その姿のまま、さらに誠実に頭を下げて、これからお世話をかけますが、末永くどうぞよろしくお願いしますとまで言ってくれたのだ。専属デザイナーになりたいと声をかけたのは蜘蛛の婆様なのに……。蜘蛛の婆様は、沙胡蝶に感激し涙を流した。そして一生分の服を作る衣装係だけでは飽き足らず、沙胡蝶が孫悟空と筋斗雲で飛び立った後で、本人の了解を得ずに沙胡蝶を自分と自分の眷属達の主と定め、一族総出で沙胡蝶の衣装係兼護衛になると婆様は決めたらしい。林の中で小さな蜘蛛にその報告を受けていた孫悟空は八戒にそう説明をした。そう淡々と話す兄貴分に八戒は、グイッと距離をつめた。
「え?陸を沈めるほどの魔力のある海の魔女の真珠に、海に愛された証の鱗3枚に”東海竜王の竜牙”にに、”鉄扇公主の翡翠”に”玉面公主の石榴石”に、”太上老君の神使の式神”に、地上界の蜘蛛達の配下……って、沙胡蝶様は、どこの最終兵器○○なの?世○末救世主伝説なの?○○ウオッチなの?○○○○マスターなの?それとも新たな世界の創造主なの?天使過ぎる天女なの?どんだけ最強な女神様なの?世界征服を狙う可愛すぎる魔王様なの?……ねぇ、誤魔化さないで本当のことを言ってほしいんだけど、悟空の兄貴さ。沙胡蝶様の本当の姿が兄貴には見えているんじゃないの?本当は沙胡蝶様の体は小さくなっていないよね?なんで幼く見せてるか、訳があるの?……ってか、沙胡蝶様の本当の姿が最初からわかっていたの?」
「……多分、今のお前と同じに見えていると思う」
八戒は悟空の襟元をグッと掴んで言った。
「いっ、いつから見えてたの?」
「瓢箪の中で真珠をあいつが外して、俺にかぶせたときからかな」
孫悟空は仙術の天才である。一度、目の前で解かれた術など仕掛けがわかれば、もう通用することは二度とない。もちろん真珠が今、周りの者達すべてに、”沙胡蝶は、4才位の男の子の姿”だと思わせている姿だって見ることが出来ているが、その姿と本来の可愛い女の子姿の両方を同時に見ることが出来ていると悟空は語った。そして沙胡蝶の姿が小さくなった真珠とのやり取りの話を語れば、途端に八戒は顔が真っ赤になった。
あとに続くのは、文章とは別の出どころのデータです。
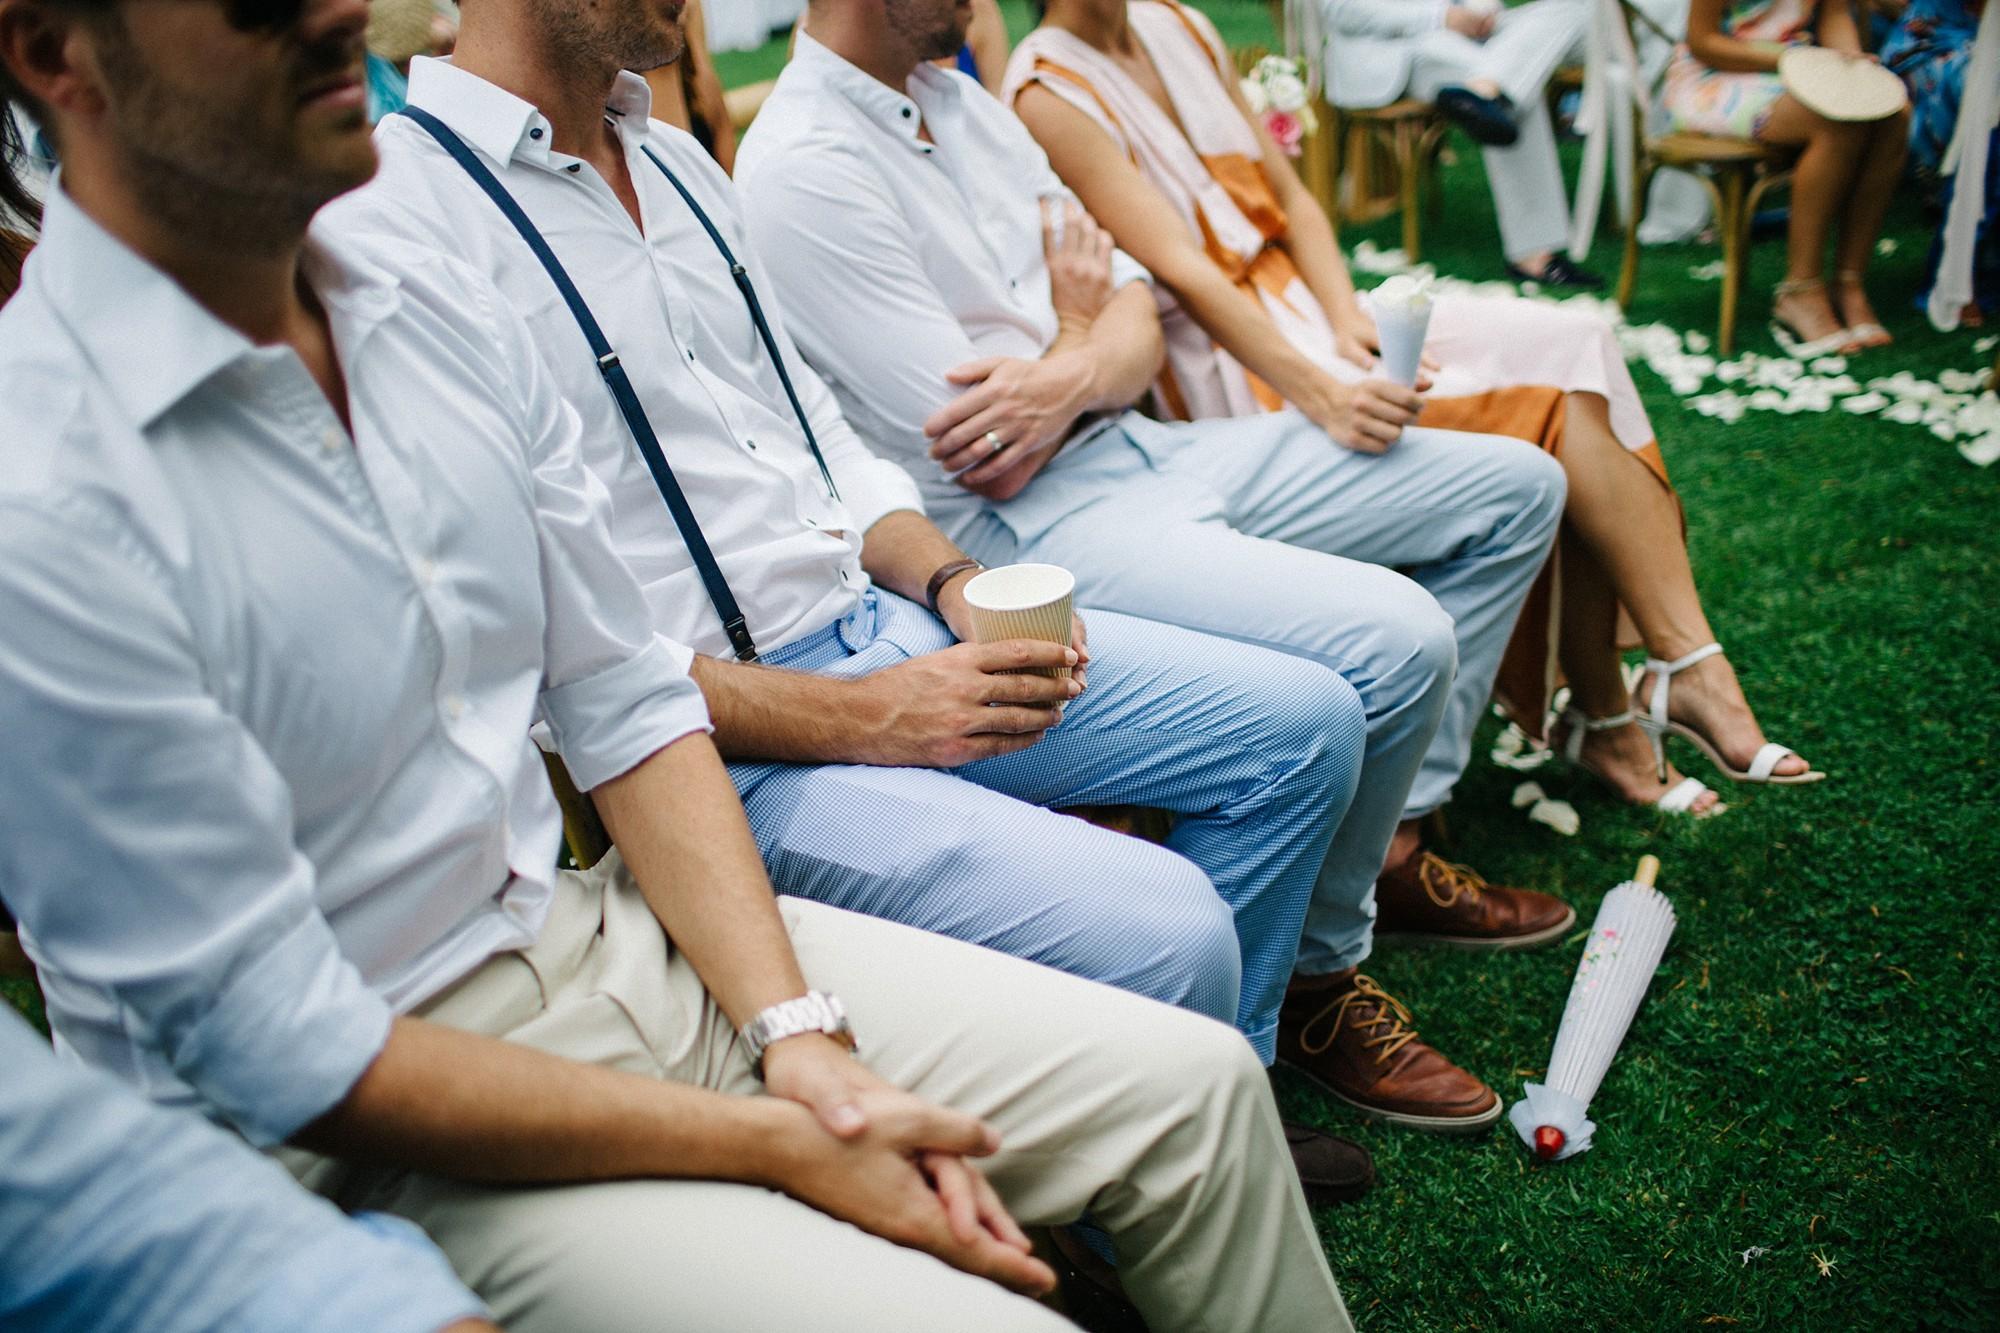 fotografos de boda en valencia barcelona mallorca wedding photographer086.jpg
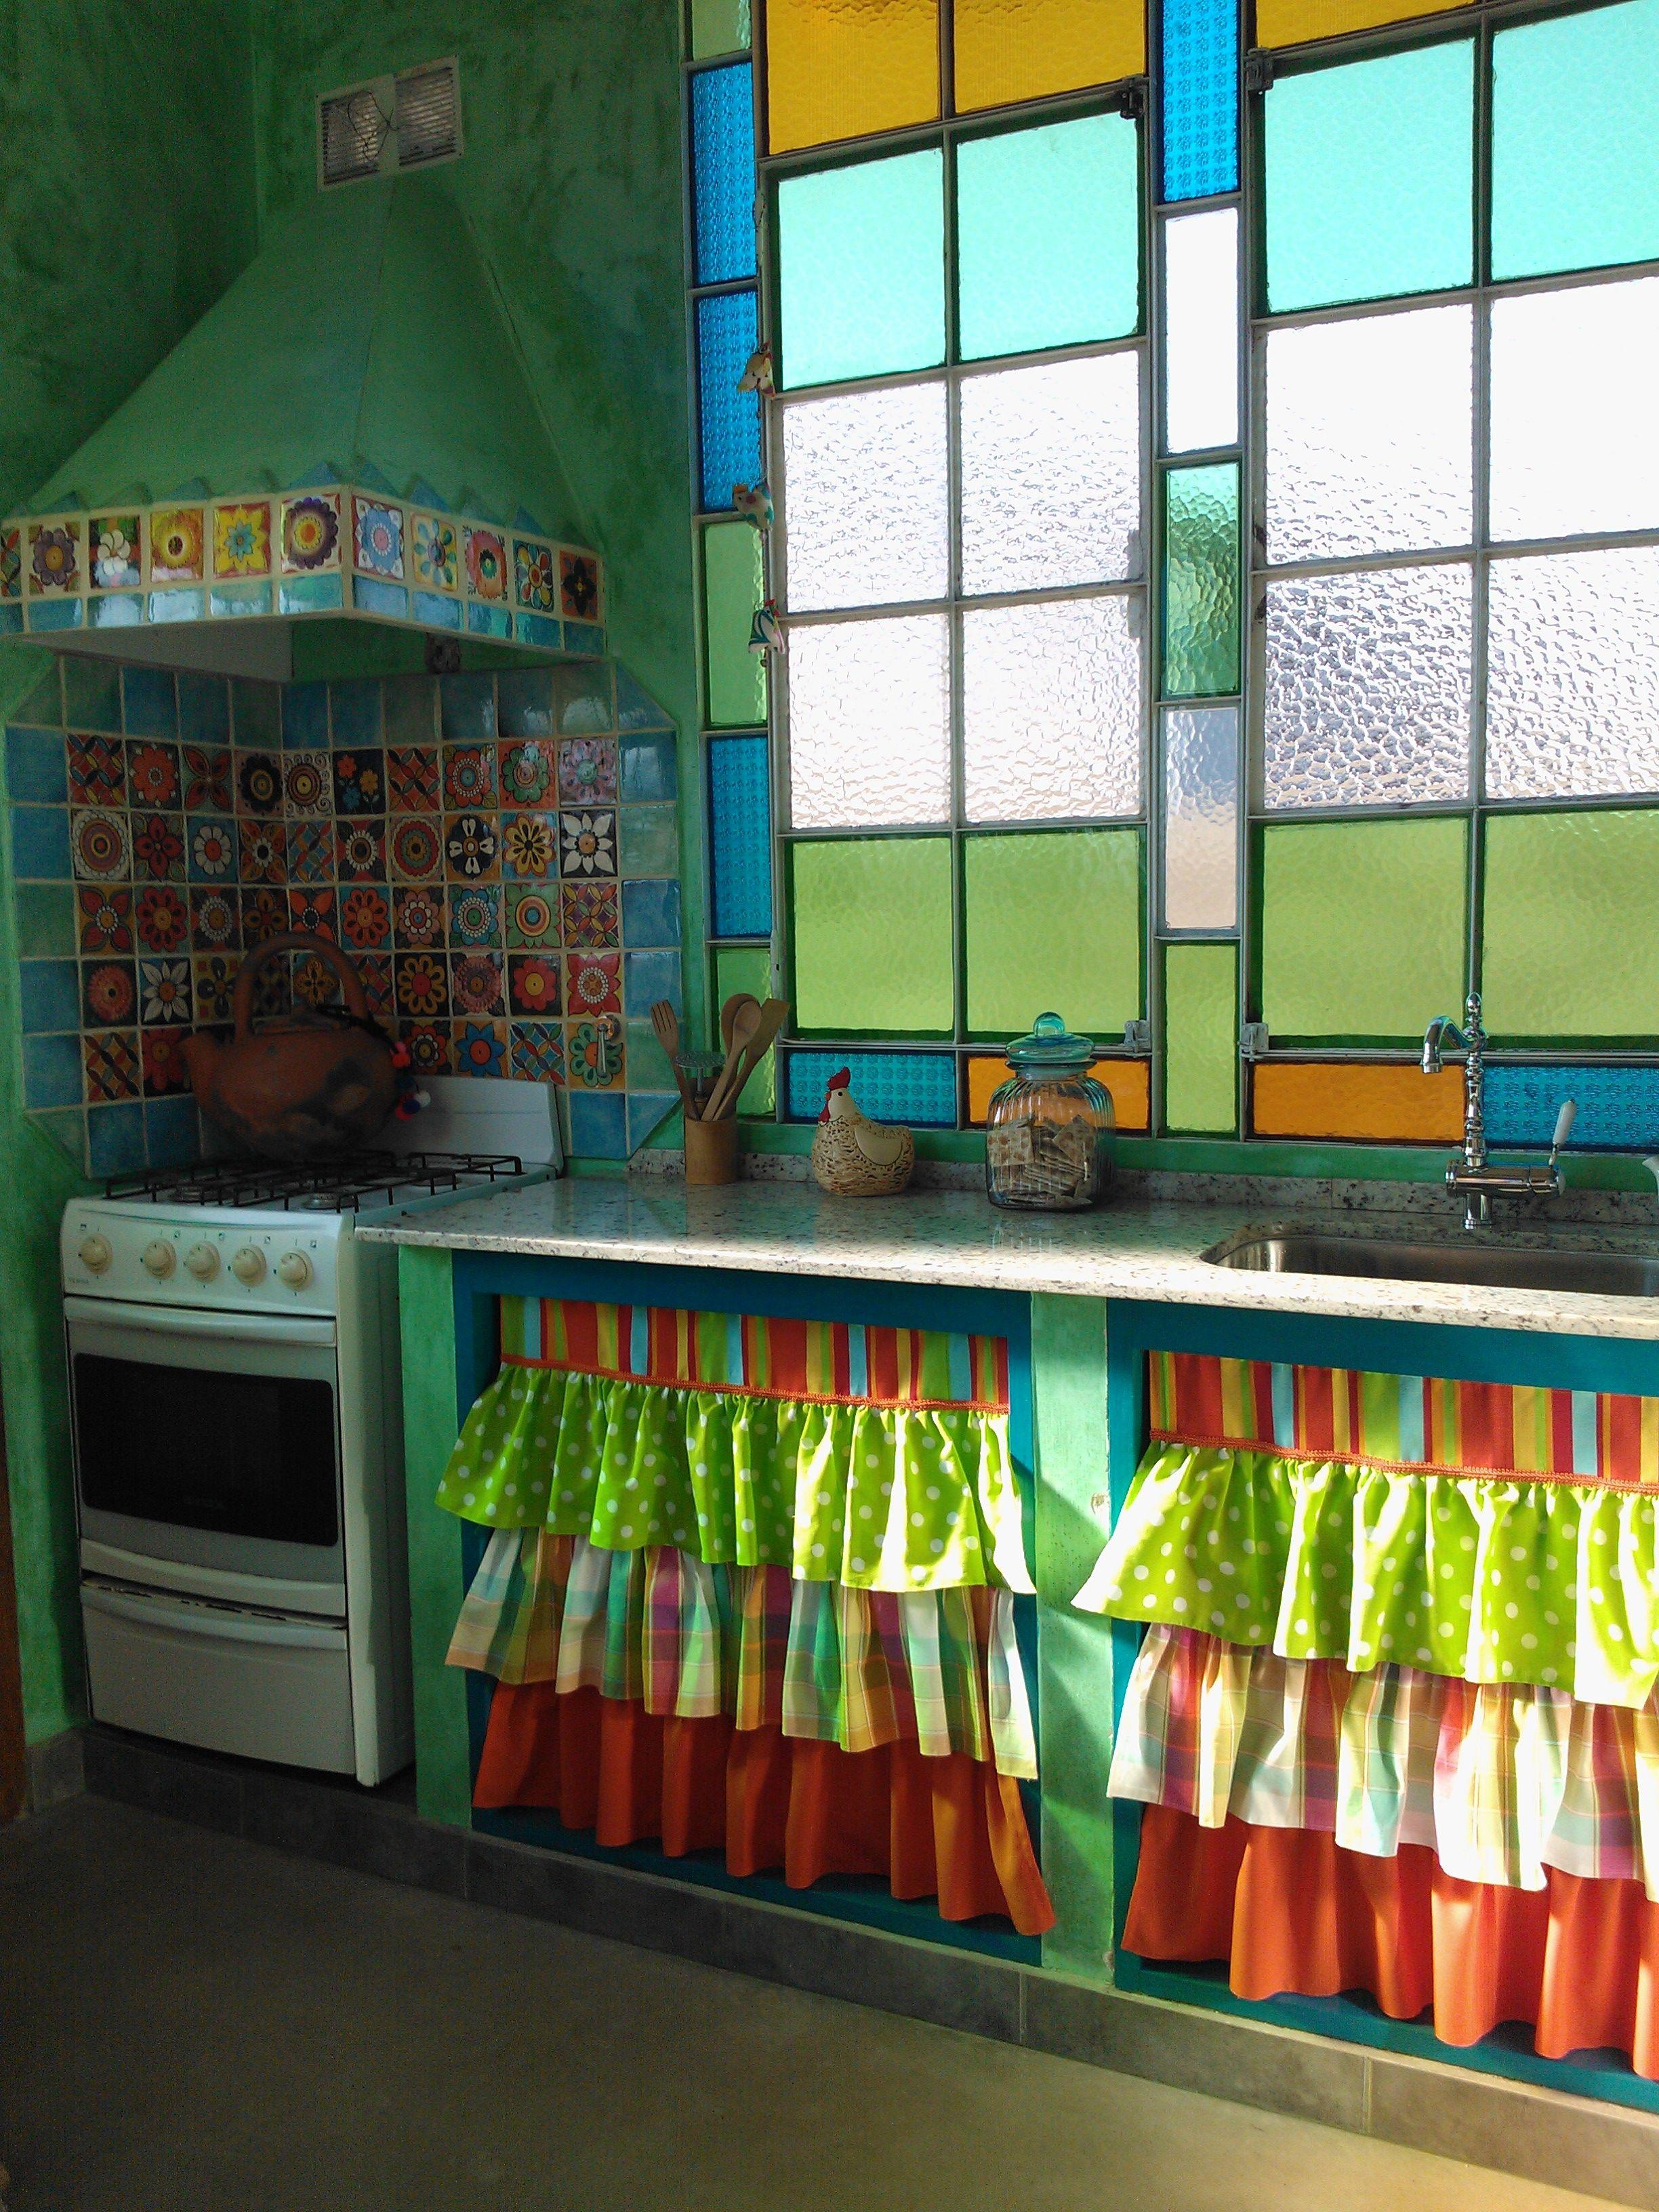 Pin de werkael werner en luv all my house pinterest for Cortinas para muebles de cocina

「あ、あの美少女に、お……男の……アレを見せつけただって!?な、なんて背徳的な!やっぱり官吏さん、犯人はこいつです、じゃないか!ってか、兄貴!沙胡蝶様の裸体ガン見!?何て羨まし……ムニャムニャ、何てけしからんことを!と、とにかく!なんで女の子ってことを黙ってたの!?」
「ああ、沙胡蝶と約束したからな。それに俺は、今度こそ約束を守って、あいつを守り切らねばならないからな」
「今度こそ?」
「いや、こっちの話さ。……とにかく、このことはお師匠さんと沙悟浄には内緒だからな?」
「わ、わかってるさ!兄貴に言われなくたって!!」
いくら”三蔵法師”にふさわしくとも、女人ではまずいのだ。だって”三蔵法師”は人間で男性の僧侶だと世間には広まっているのだから。それに旅の同行だって、男四人に女一人では体裁が悪い。沙胡蝶の身持ちが疑われるようなことは避けねばならないので、玄奘だって、どれだけ沙胡蝶に肩入れしていようが旅の仲間には出来ないだろう。沙悟浄は……あの河童は沙胡蝶ならどんな姿でも受け入れそうだが、女人とわかったら、今まで通りの対応が出来なくなりそうで周りにバレてしまいそうなので、黙っておくのがよいだろう。
二人は言葉を交わさずにそこまでのことを以心伝心した。八戒は魔眼があったときのように、長い前髪をまた以前のように前に垂らして自分の目を隠した。訝しむような悟空に、ばつが悪そうに八戒は言った。
「まともに正視してたら出血死してしまいそうだからね。これも自衛さ。前と一緒だから違和感はゼロだろう?」
八戒の大きな折れた耳が赤くなってピコピコ動いている。悟空が白い歯をむき出して笑うのを、恨めしそうに八戒は見た。